Start of INPUT MATERIAL
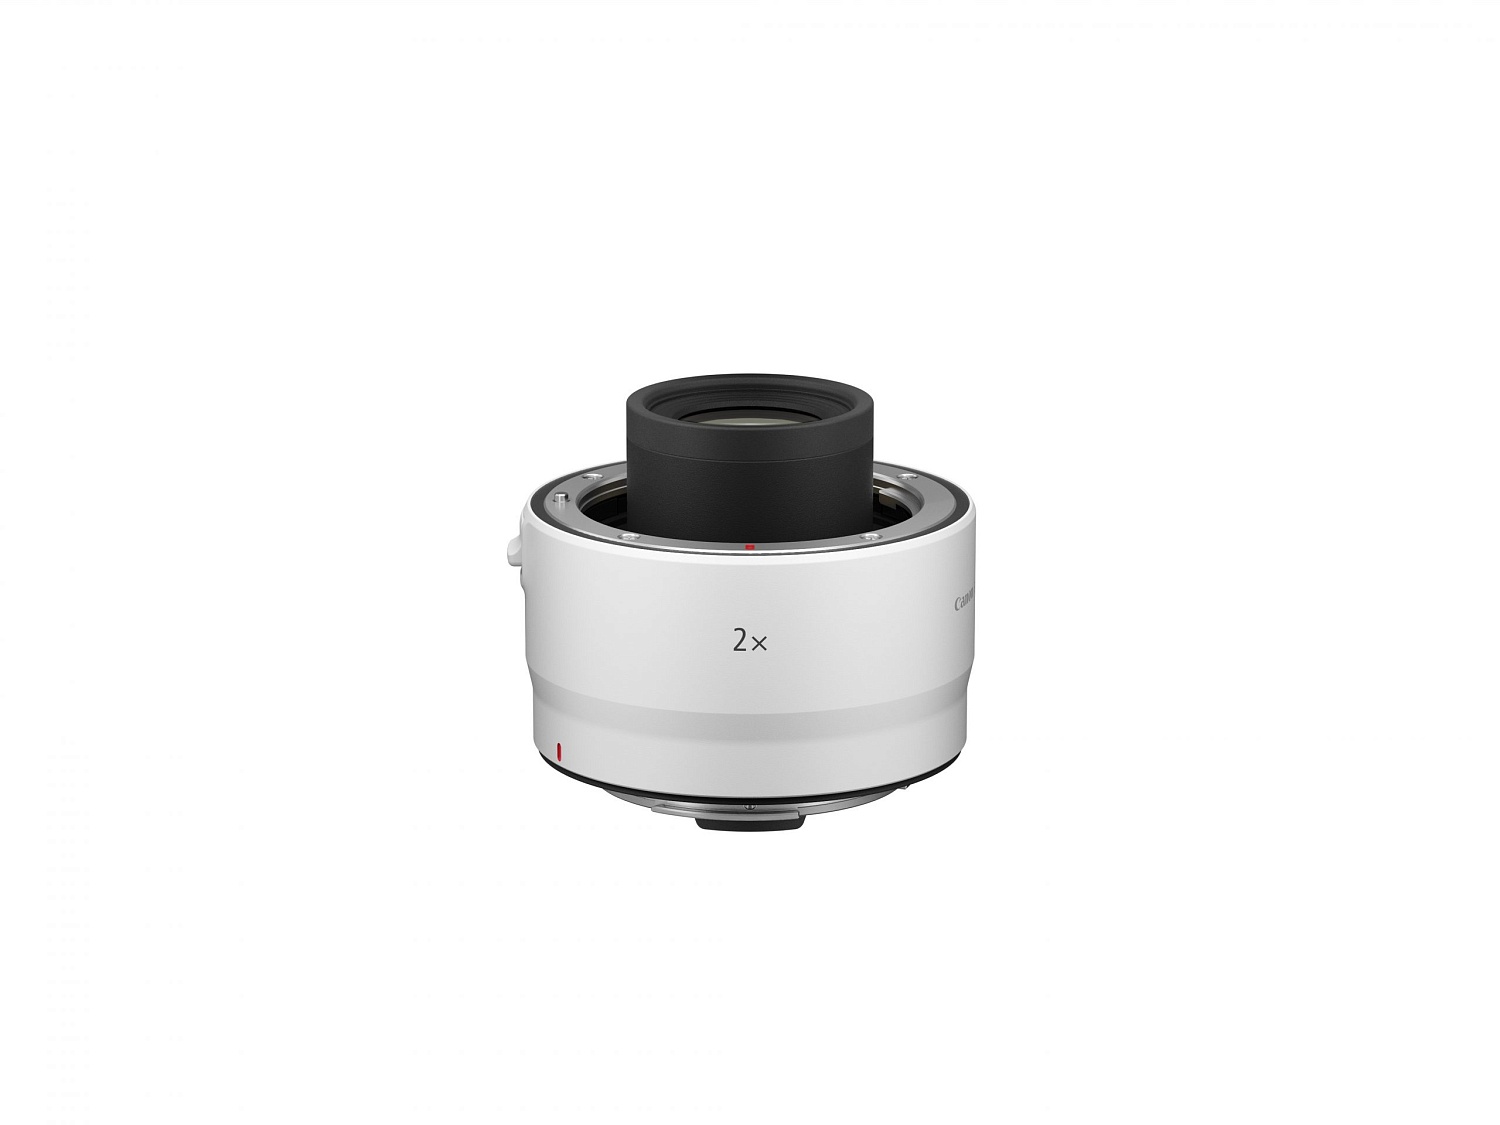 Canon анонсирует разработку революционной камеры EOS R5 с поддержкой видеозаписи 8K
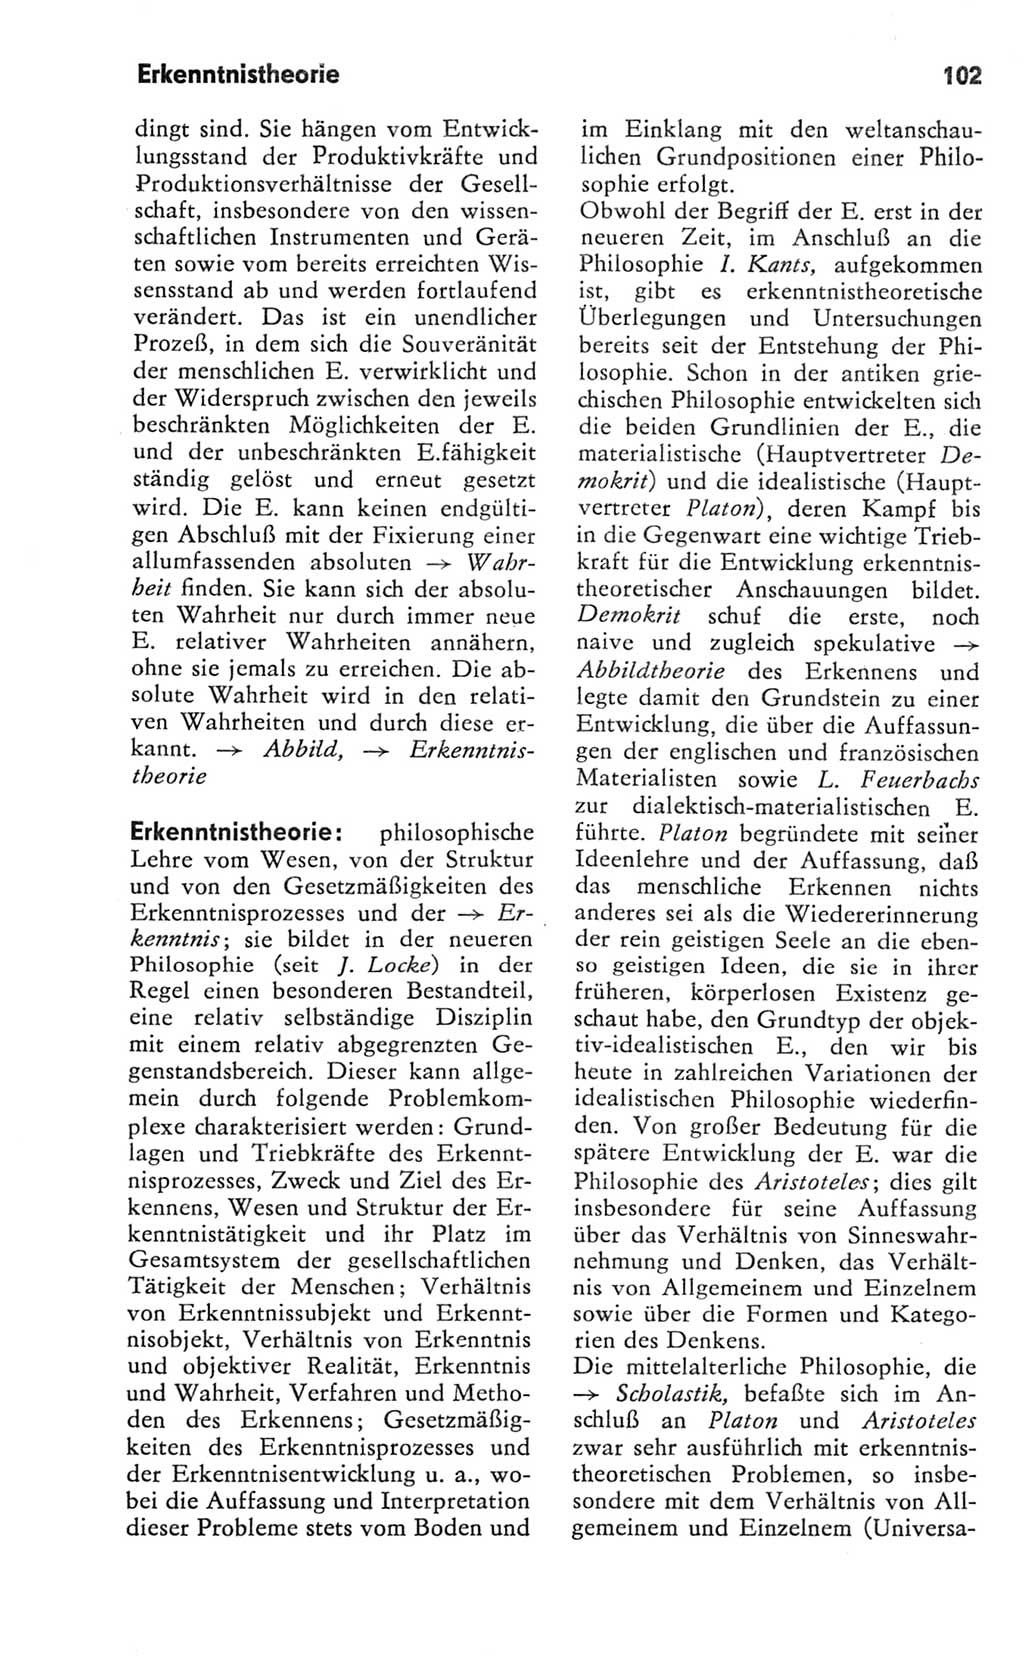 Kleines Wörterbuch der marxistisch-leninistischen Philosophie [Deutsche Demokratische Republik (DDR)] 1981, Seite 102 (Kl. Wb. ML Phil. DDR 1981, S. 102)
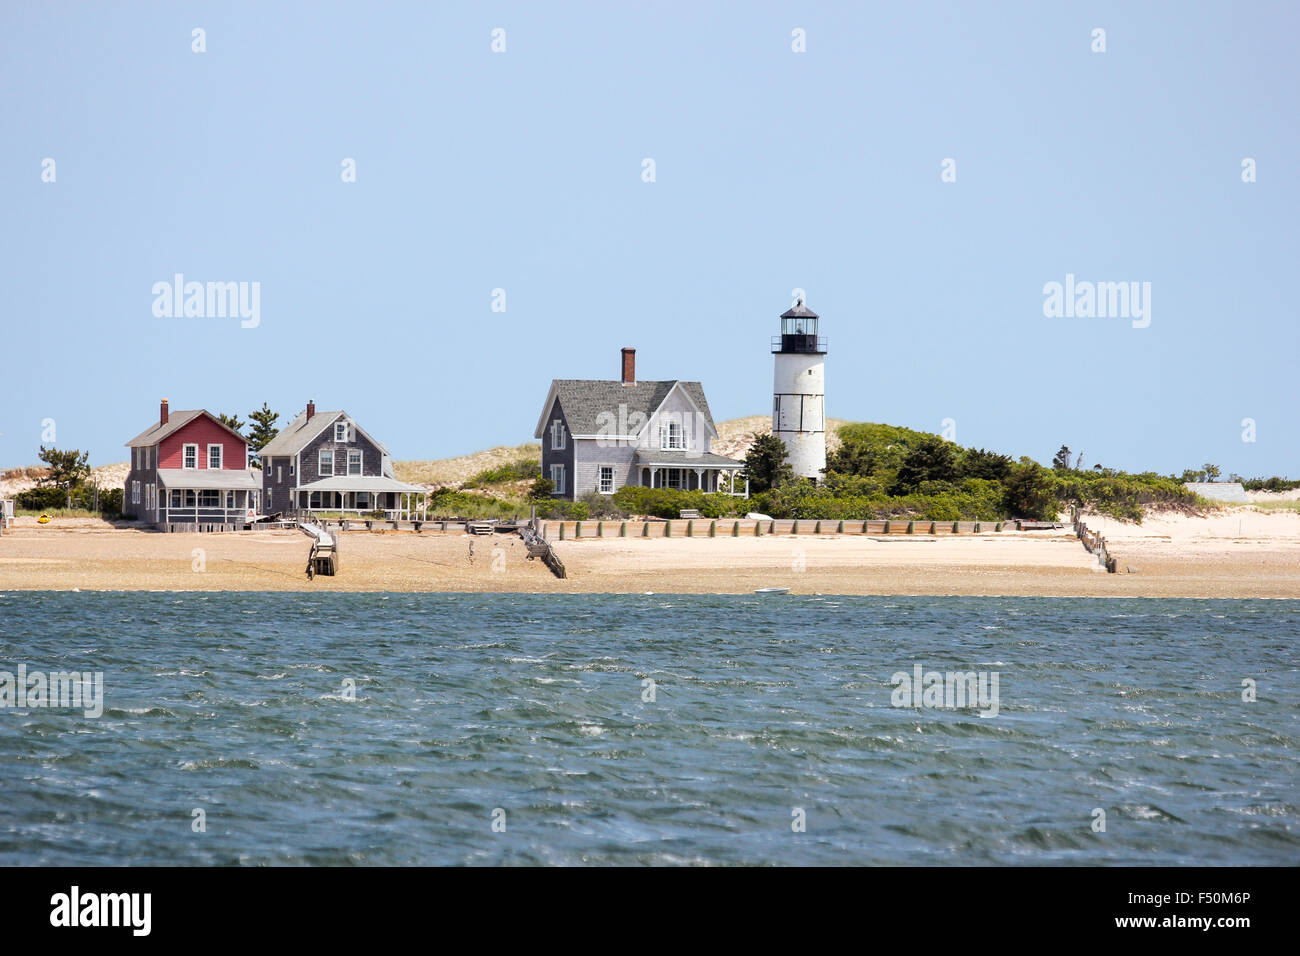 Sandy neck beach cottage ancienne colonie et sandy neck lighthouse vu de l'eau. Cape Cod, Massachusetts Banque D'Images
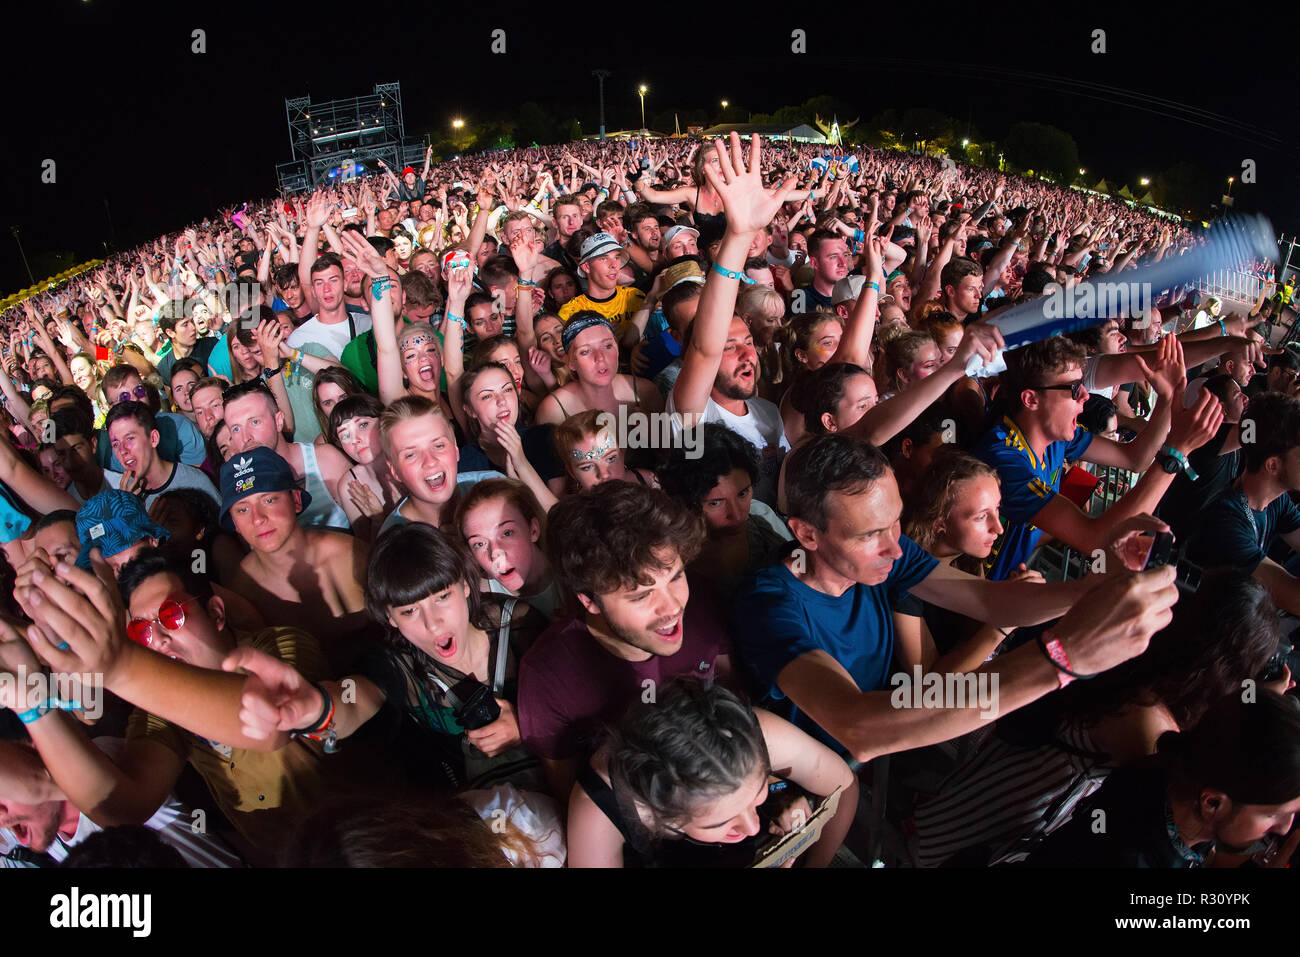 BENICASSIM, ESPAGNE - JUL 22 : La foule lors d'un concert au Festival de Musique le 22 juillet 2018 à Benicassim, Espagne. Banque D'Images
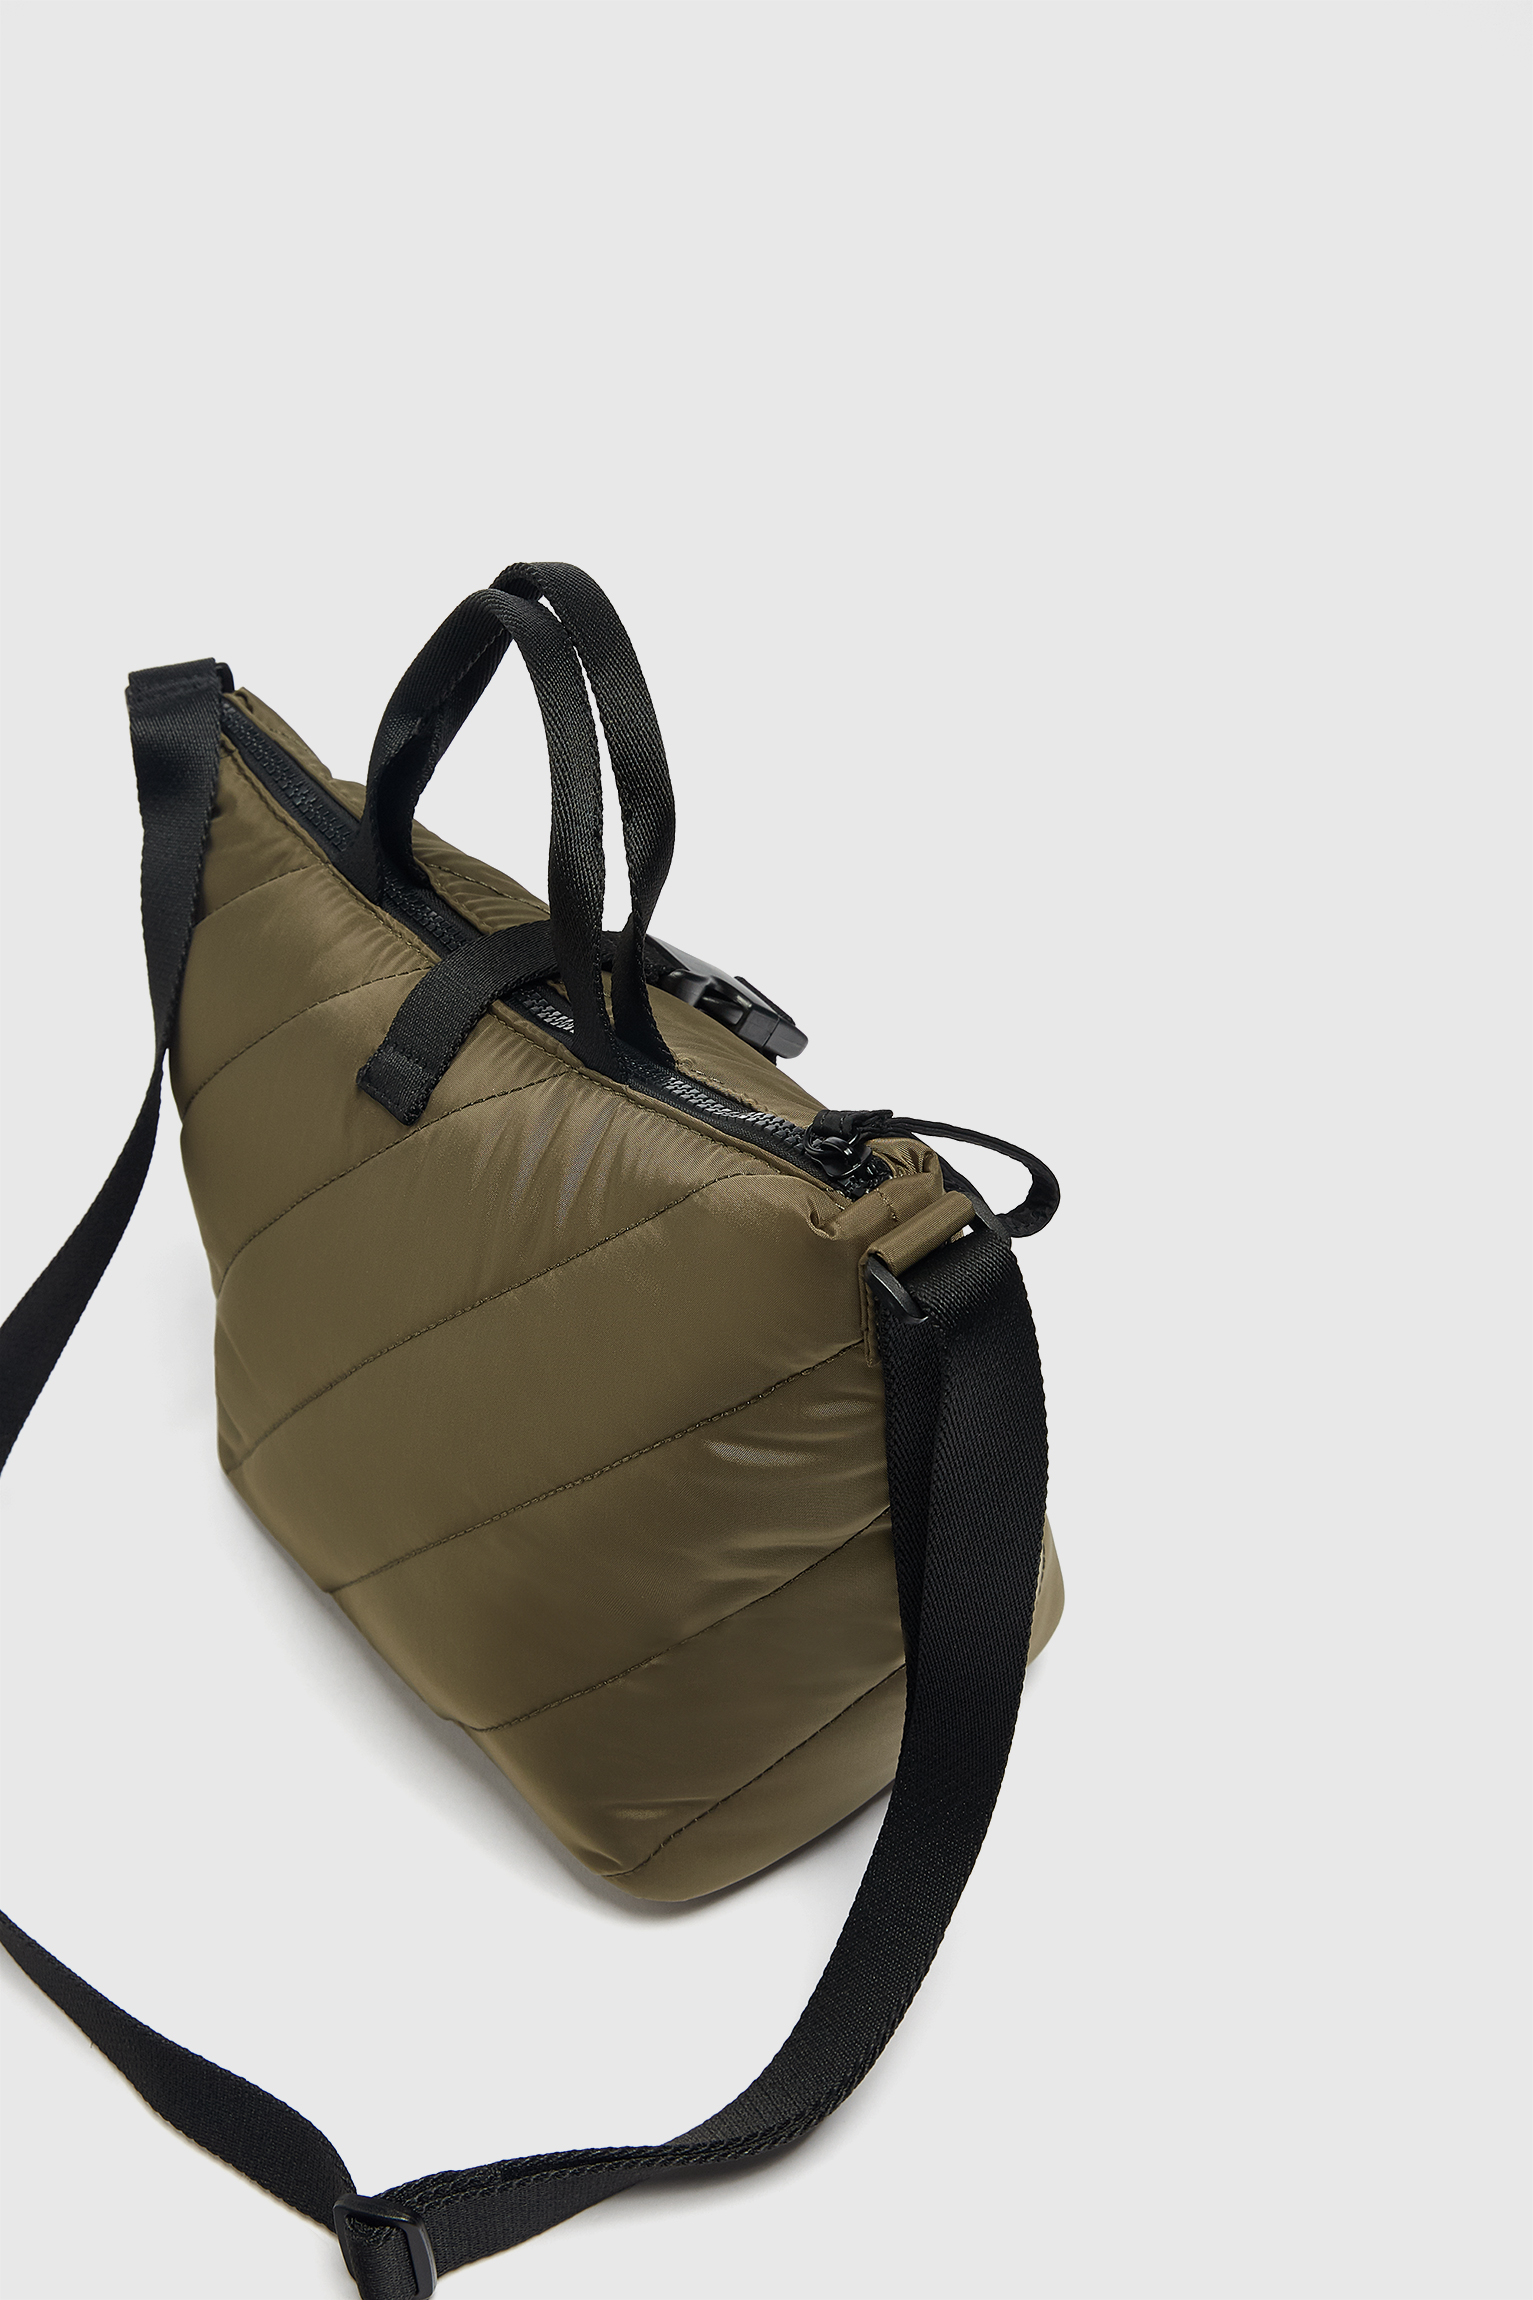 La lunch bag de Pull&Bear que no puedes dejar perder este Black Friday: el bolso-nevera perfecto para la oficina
End of INPUT MATERIAL
Transcribe the records above exactly, leaving every picture out of the copy.

- RESULT BELOW
 Canon анонсирует разработку революционной камеры EOS R5 с поддержкой видеозаписи 8K
 Kleines Wörterbuch der marxistisch-leninistischen Philosophie [Deutsche Demokratische Republik (DDR)] 1981, Seite 102 (Kl. Wb. ML Phil. DDR 1981, S. 102)
 Sandy neck beach cottage ancienne colonie et sandy neck lighthouse vu de l'eau. Cape Cod, Massachusetts Banque D'Images
 BENICASSIM, ESPAGNE - JUL 22 : La foule lors d'un concert au Festival de Musique le 22 juillet 2018 à Benicassim, Espagne. Banque D'Images
 La lunch bag de Pull&Bear que no puedes dejar perder este Black Friday: el bolso-nevera perfecto para la oficina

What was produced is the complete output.